The estimation of expectiles typically requires to consider non-explicit asymmetric least squares estimates rather than the traditional order statistics used for quantile estimation. This makes the study of the tail expectile process a lot harder than that of the standard tail quantile process. Under the challenging model of heavy-tailed distributions, we derive joint weighted Gaussian approximations of the tail empirical expectile and quantile processes. We then use this powerful result to introduce and study new estimators of extreme expectiles and the standard quantile-based expected shortfall, as well as a novel expectile-based form of expected shortfall. Our estimators are built on general weighted combinations of both top order statistics and asymmetric least squares estimates. Some numerical simulations and applications to actuarial and financial data are provided 23.

Currently available estimators of extreme expectiles are typically biased and hence may show poor finite-sample performance even in fairly large samples. In 59, we focus on the construction of bias-reduced extreme expectile estimators for heavy-tailed distributions. The rationale for our construction hinges on a careful investigation of the asymptotic proportionality relationship between extreme expectiles and their quantile counterparts, as well as of the extrapolation formula motivated by the heavy-tailed context. We accurately quantify and estimate the bias incurred by the use of these relationships when constructing extreme expectile estimators. This motivates the introduction of a class of bias-reduced estimators whose asymptotic properties are rigorously shown, and whose finite-sample properties are assessed on a simulation study and three samples of real data from economics, insurance and finance. The results are submitted for publication.

### 6.2.3 Conditional extremal events

Participants: Stephane Girard, Antoine Usseglio Carleve.

Joint work with: G. Stupfler (Ensai), A. Ahmad, E. Deme and A. Diop (Université Gaston Berger, Sénégal).

The goal of the PhD thesis of Aboubacrene Ag Ahmad is to contribute to the development of theoretical and algorithmic models to tackle conditional extreme value analysis, ie the situation where some covariate information $X$ is recorded simultaneously with a quantity of interest $Y$. In such a case, extreme quantiles and expectiles are functions of the covariate. In 11, we consider a location-scale model for conditional heavy-tailed distributions when the covariate is deterministic. First, nonparametric estimators of the location and scale functions are introduced. Second, an estimator of the conditional extreme-value index is derived. The asymptotic properties of the estimators are established under mild assumptions and their finite sample properties are illustrated both on simulated and real data.

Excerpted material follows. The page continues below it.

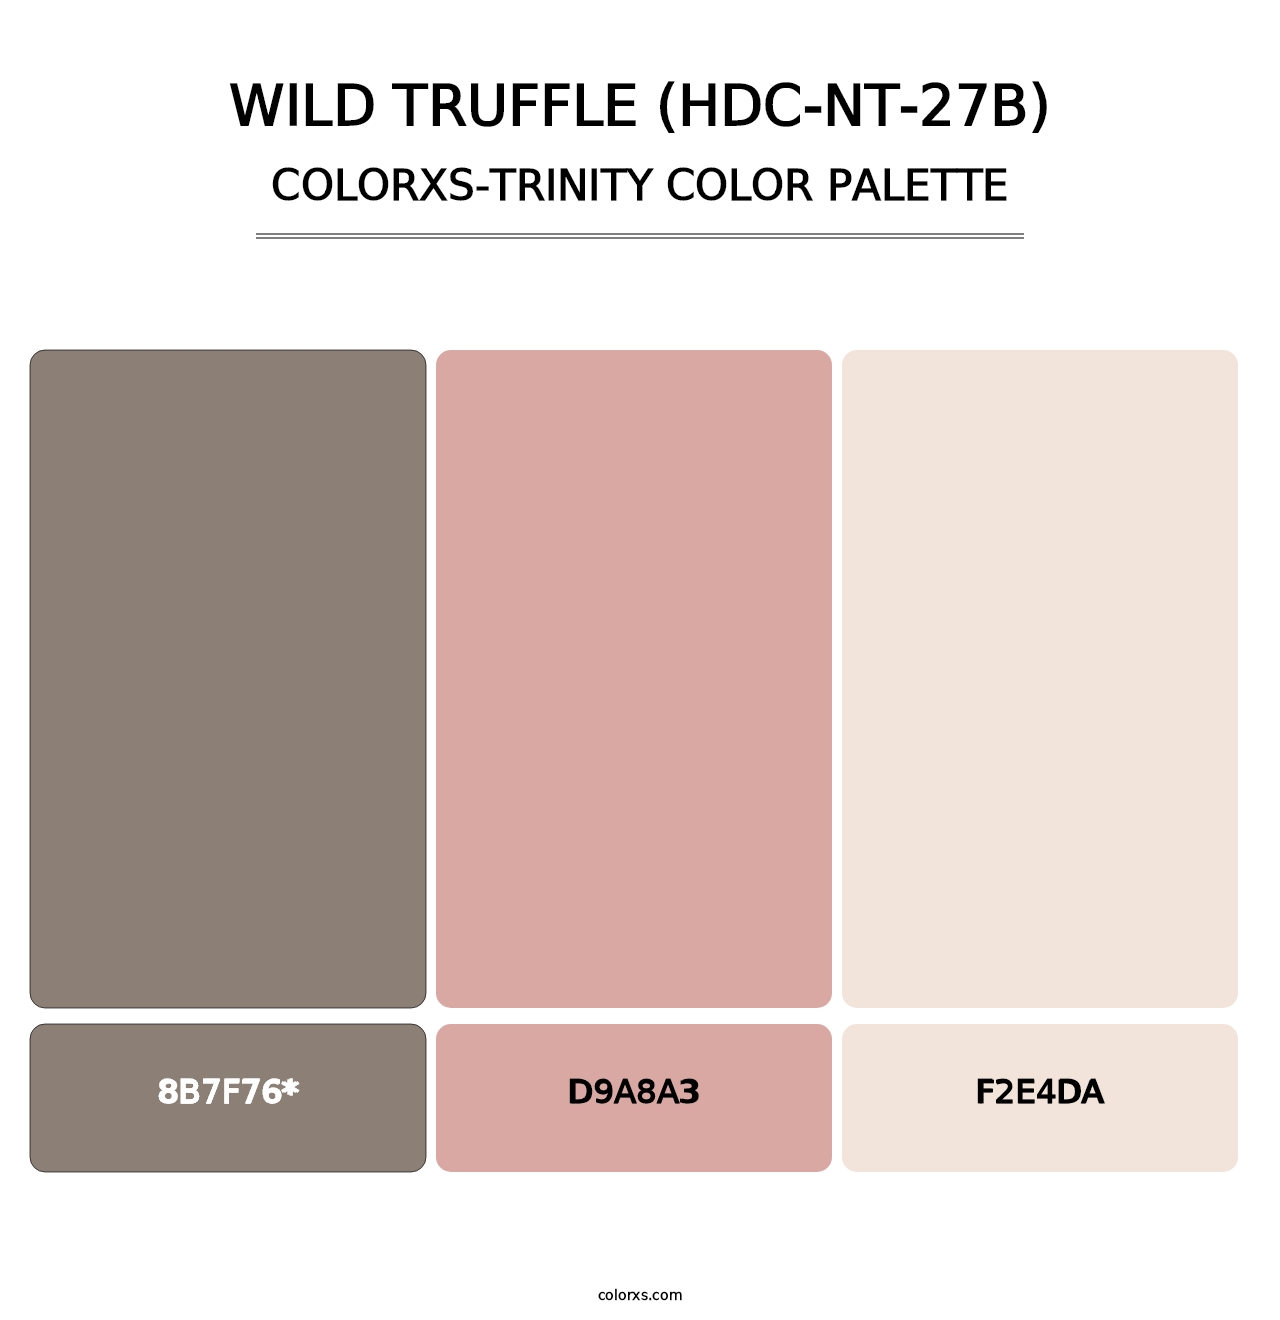 Wild Truffle (HDC-NT-27B) - Colorxs Trinity Palette

As explained in Paragraph 6.2.2, expectiles have recently started to be considered as serious candidates to become standard tools in actuarial and financial risk management. However, expectiles and their sample versions do not benefit from a simple explicit form, making their analysis significantly harder than that of quantiles and order statistics. This difficulty is compounded when one wishes to integrate auxiliary information about the phenomenon of interest through a finite-dimensional covariate, in which case the problem becomes the estimation of conditional expectiles. In 26, we exploit the fact that the expectiles of a distribution $F$ are in fact the quantiles of another distribution $E$ explicitly linked to $F$, in order to construct nonparametric kernel estimators of extreme conditional expectiles. We analyze the asymptotic properties of our estimators in the context of conditional heavy-tailed distributions. Applications to simulated data and real insurance data are provided. The extension to functional covariates is investigated in 58 and submitted for publication.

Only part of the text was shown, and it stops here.